Many of you traveling home to visit friends and family over the holidays will encounter the eventual need to sleep on an airplane, train, or bus, or in a car … while sitting up. Have you ever wondered why it's so much more difficult to get a good sleep in the upright position as opposed to lying flat in bed?
In order to understand it, you first need a quick primer of your sleep cycles: The human brain cycles through five phases of sleep when your head hits the pillow, the fifth of which is called rapid eye movement (REM) sleep. REM only makes up about 25 percent of your sleep cycle, and occurs approximately 70 to 90 minutes after you fall asleep, but you enter REM sleep several times during the night. During REM, the brain sends signals to the spinal cord to create a temporary paralysis of your muscles, which causes you to lose muscle tone.
"Usually during REM sleep, other than eye movements, our voluntary muscles are paralyzed," Dr.
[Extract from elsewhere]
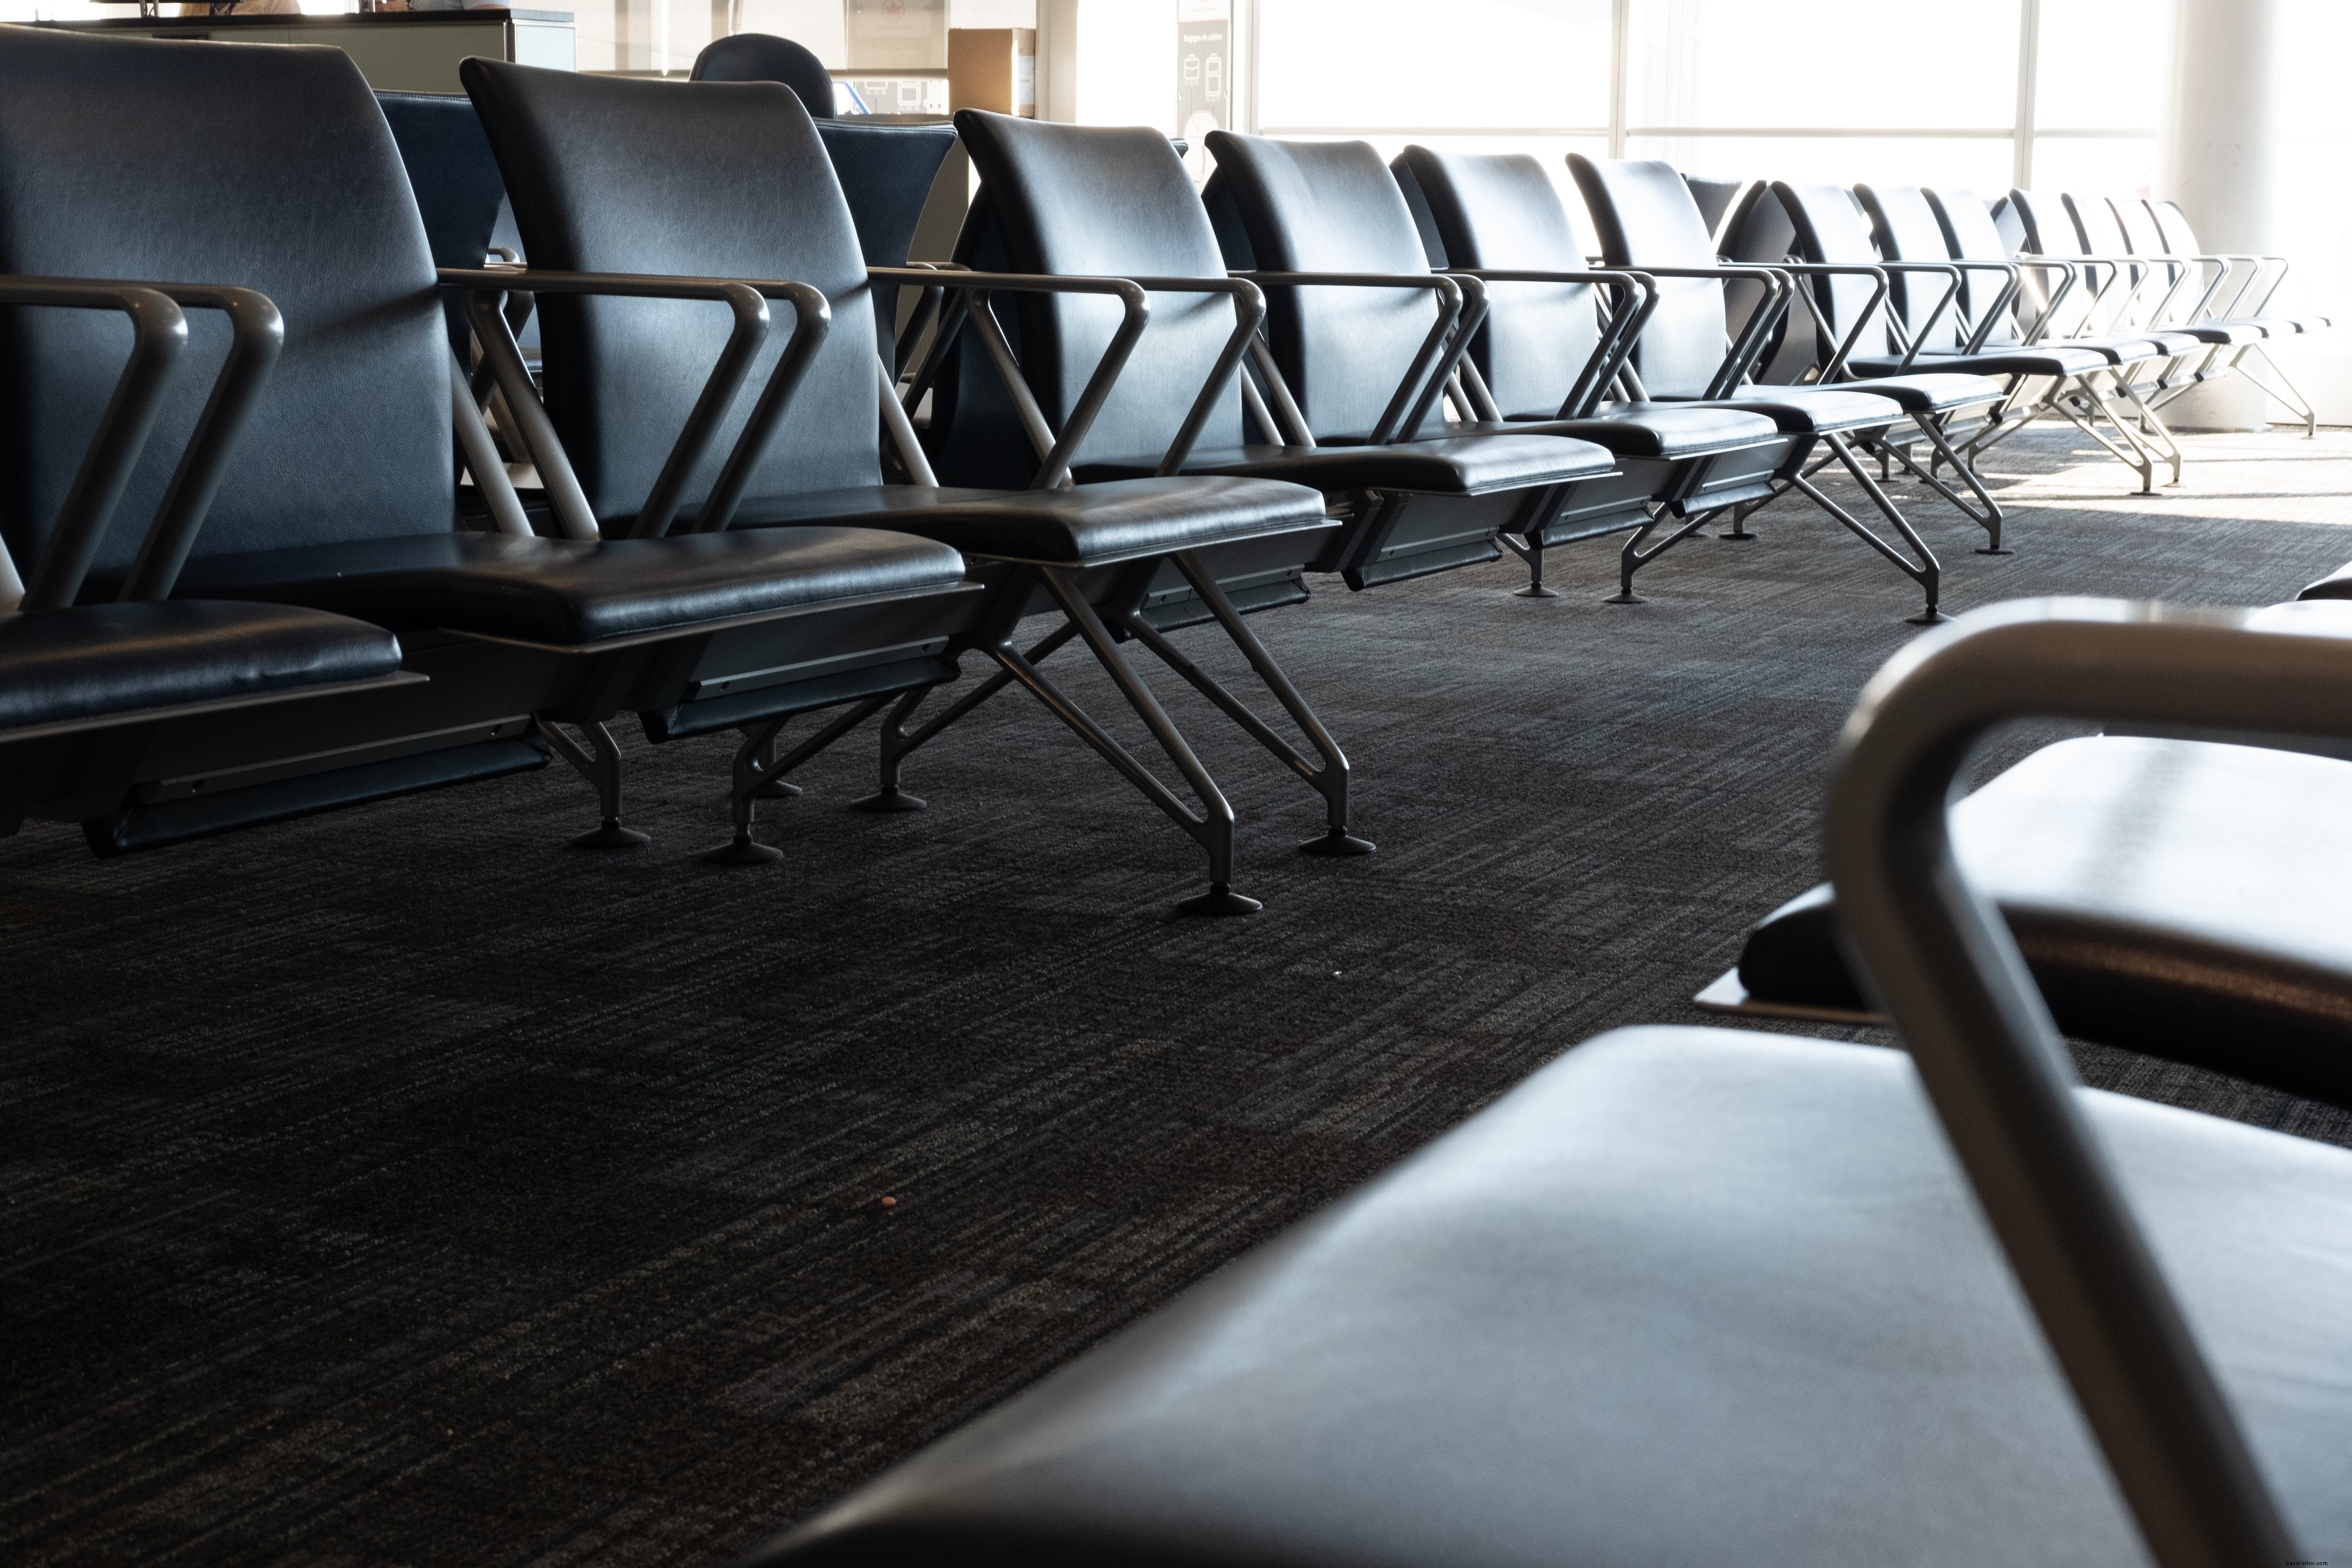 Foto dei posti a sedere nell area di attesa dell aeroporto

Neil Kline, an internist and sleep disorder physician and CEO of the American Sleep Association, tells Mental Floss. "We likely evolved this disconnect during REM sleep in order to prevent injury to ourselves." For individuals who suffer from REM sleep behavior disorder (RBD), “this disconnect is faulty," Kline says. "People with RBD act out their dreams, and often injure themselves and others."
The partial paralysis and loss of muscle tone make holding the upright posture of a straight back and neck difficult. It may be why your seatmate tilts sleepily into your personal space, snoring on your shoulder, and why sleeping on a plane is just hard to do comfortably.
Despite this difficulty, some Buddhist monks purposely sleep sitting up as part of their meditation practice for up to five hours per night. They sit in specially designed chairs with hard, firm backs and proper cushioning, and do this as part of a goal to be in meditation as many hours of the day as possible. Your goal may be just an hour of snoozing between takeoff and landing.